City of London Corporation Tackling Racism Taskforce Co-Chair Caroline Addy said: ‘I’m really pleased Policy and Resources Committee has agreed what we think is the correct response to a sensitive issue.

‘The slave trade is a stain on our history and putting those who profited from it literally on a pedestal is something that has no place in a modern, diverse City.’ 

Recommendations by the Tackling Racism Taskforce to boost diversity among staff by introducing anonymised recruitment for all pay grades, extra training and a ‘reverse mentoring’ scheme have already been approved.

City of London Corporation Tackling Racism Taskforce Co-Chair Andrien Meyers said: ‘I’m really proud of the wide-ranging work the Taskforce has carried out to promote inclusion in the City Corporation, our schools and institutions and the City as a whole, which support our commitment to ensuring the Square Mile is a place where people of all ethnicities and backgrounds feel safe and welcome.’ 

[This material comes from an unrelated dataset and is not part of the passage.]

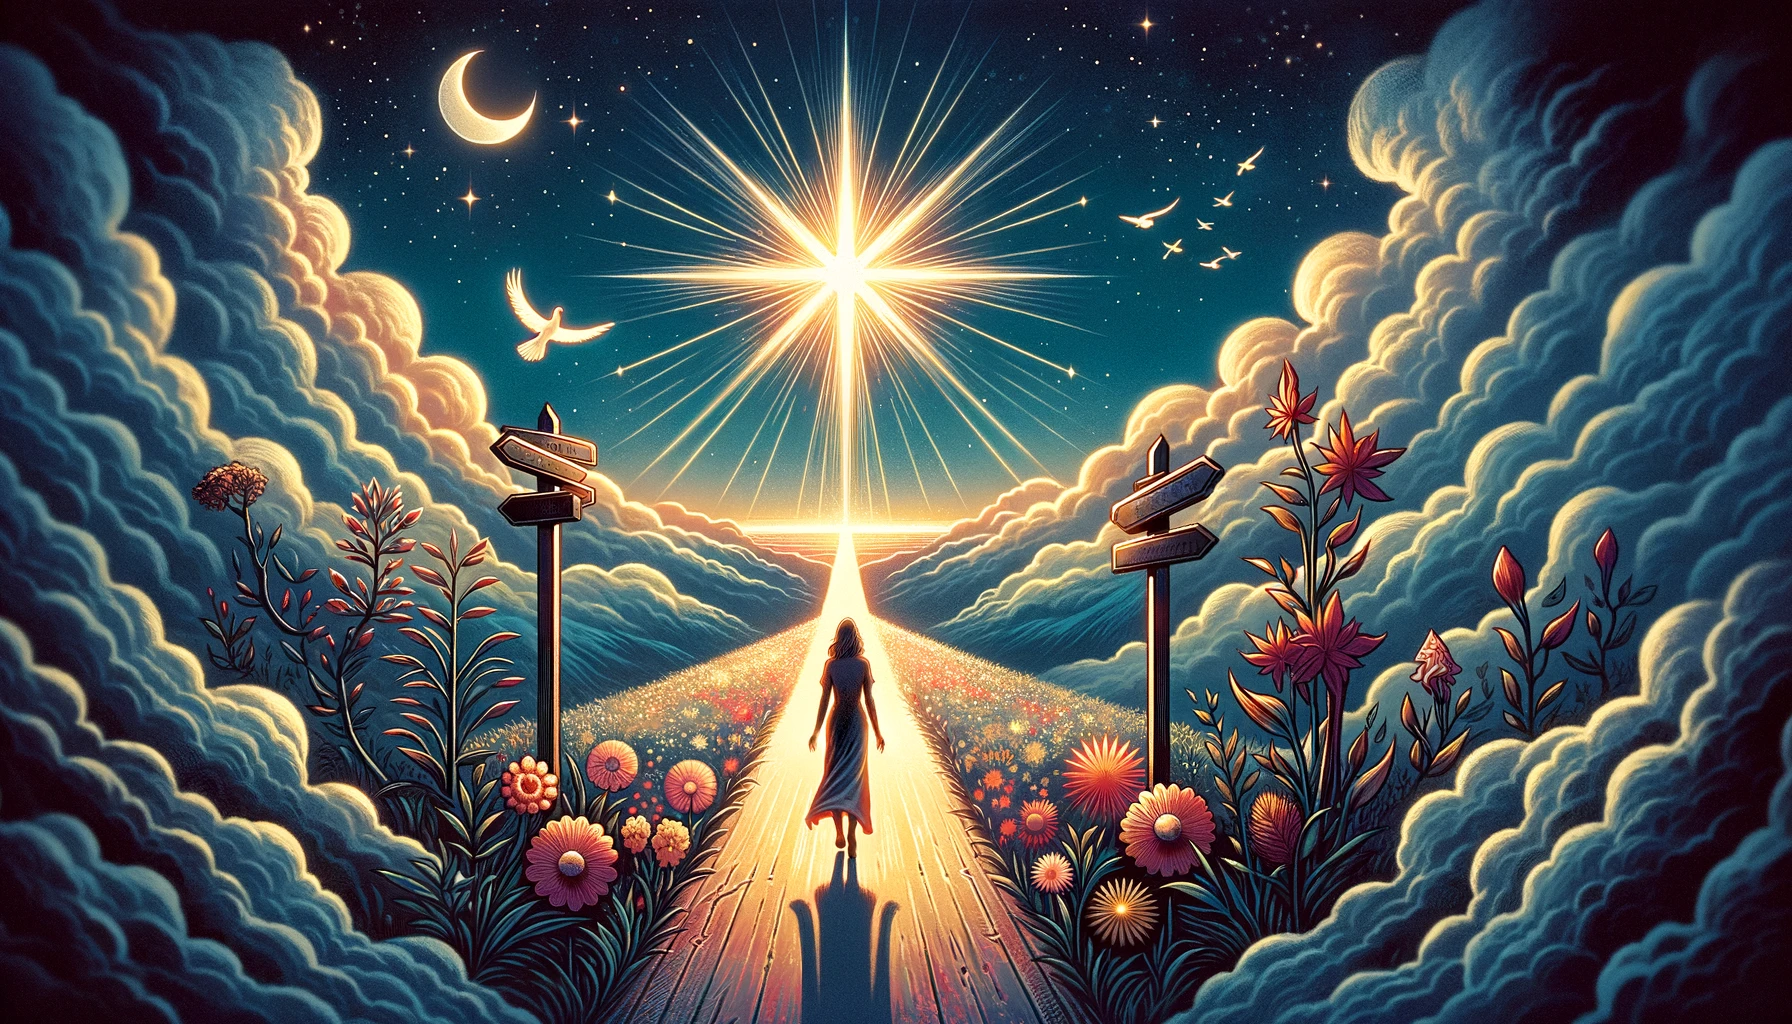 "An evocative visualization portraying a figure at a crossroads, gazing up to a radiant figure in the sky symbolizing the moment of decision and the call to embrace one's true potential. Surrounding elements signify renewal, awakening, and the promise of a new beginning. The hopeful and determined atmosphere is intensified by a color palette blending the tranquil hues of dawn with vibrant sunrise colors, reflecting the profound impact of answering the call to action. Through its imagery, viewers are invited to contemplate the transformative power of decisive choices and the journey towards self-realization and growth."

The BLM movement was sparked by the killing of George Floyd in the US where he was arrested by police.

Protesters tore down a statue of Edward Colston on Sunday, June 7, on the same day a memorial to Winston Churchill in London was defaced with the words ‘was a racist’ written on a plinth underneath.

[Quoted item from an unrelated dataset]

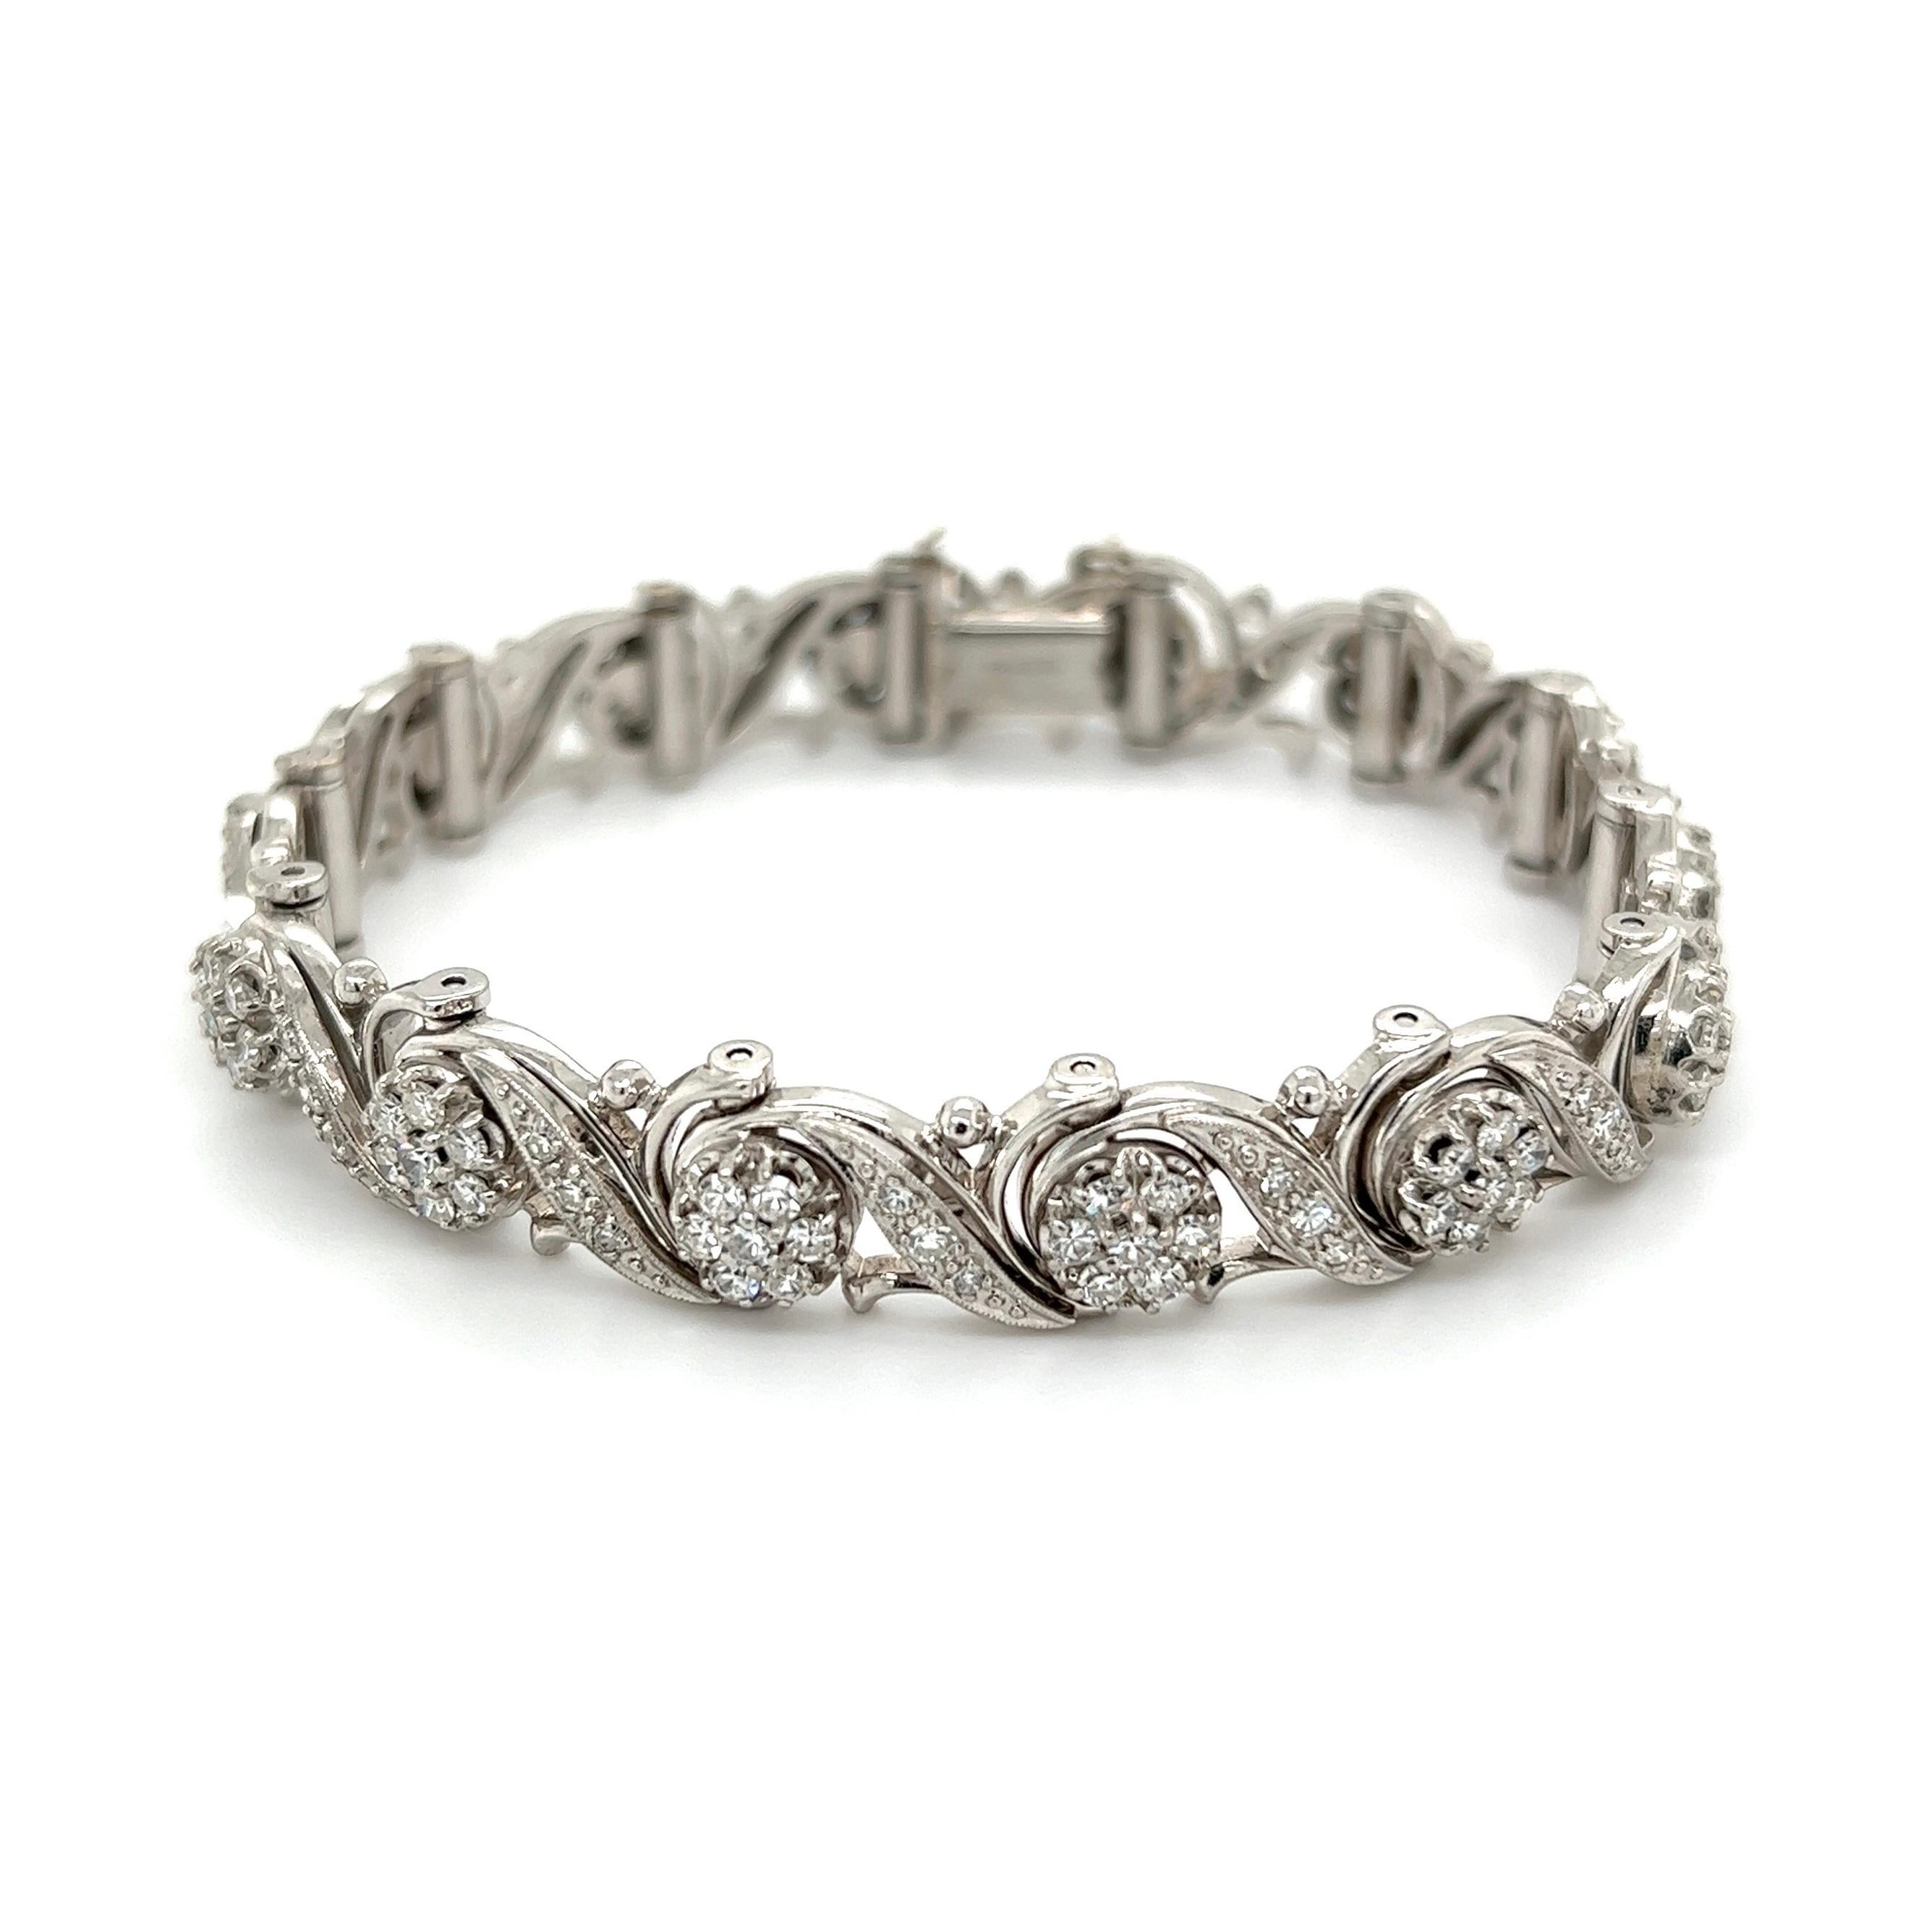 Simply Beautiful! Finely detailed Designer JABEL Diamond Gold Bracelet. Hand set with 140 Single Cut Diamonds weighing approx. 4.20tcw. Hand crafted 18K White Gold. Measuring approx. 6.5” long x 0.40” wide. The Bracelet is in excellent condition and

It prompted a wave of statues being targeted with graffiti or being attacked during protests, culminating in some statues, including ones of Nelson Mandela and Winston Churchill, being covered up to be protected from vandals.

The Topple the Racists campaign launched a comprehensive list of statues it wanted to see removed as it believed the names behind the monuments held racist beliefs.

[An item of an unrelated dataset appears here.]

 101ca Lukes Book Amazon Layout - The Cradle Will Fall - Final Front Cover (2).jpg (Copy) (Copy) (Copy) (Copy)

It led to Oriel College at Oxford University voting to remove a statue of Cecil Rhodes, a colonialist politician in southern Africa in the 19th century.

Boris Johnson wrote last year: ‘We cannot now try to edit or censor our past. We cannot pretend to have a different history. The statues in our cities and towns were put up by previous generations.

‘They had different perspectives, different understandings of right and wrong. But those statues teach us about our past, with all its faults.

‘To tear them down would be to lie about our history, and impoverish the education of generations to come.’

William Beckford: The two-time Lord Mayor of London and father of a famous English novelist whose wealth was built from slavery 

William Beckford – often known as Alderman Beckford to distinguish him from his famous novelist son of the same name – was a well-know political figure in the 18th century.

A vastly wealthy man, he twice served as the Lord Mayor of London 1762 and 1769.

But his and his family’s fortunes were built off the back of slavery in Jamaica.

His grandfather, Colonel Peter Beckford, left England for the Caribbean Island in search of wealth.

He later became the acting Governor of Jamaica in 1702 and reputedly owned 20 Jamaican estates, 1,200 slaves and left £1,5million in bank stock when he died in 1710.

The vast majority of his fortune passed to eldest son Peter Beckford – William’s father. It later passed to William – who was Peter’s sole surviving legitimate son.

William, who was born in Jamaica in 1709 and educated in England, inherited 13 sugar plantations after his father’s death.

When his brother, named Peter, died in 1712, the number of enslaved Africans he owned grew to 3,000.

On one of the plantations, in 1760, a rebellion took place and over 400 enslaved Africans were killed and many others brutally punished. It is said that the leader of the uprising was burnt alive.

Meanwhile, with his huge wealth came influence. William became an Alderman of London, Sheriff of London and twice Lord Mayor of London.

In 1770 he famously supported the MP John Wilkes in a speech representing the rights of the mercantile man to King George III.

He was considered a hero among political reformers for the speech. William died that year and had a statue celebrating his career in London’s Guildhall.   

William’s son, also named William, would later become a famous writer, remembered for his Gothic novel Vathek.

Alderman Beckford’s contribution to the slave trade has recently been highlighted following the Black Lives Matter campaign last Summer.

The City of London Corporation’s Policy and Resources Committee has now voted to remove him from their historic Guildhall headquarters.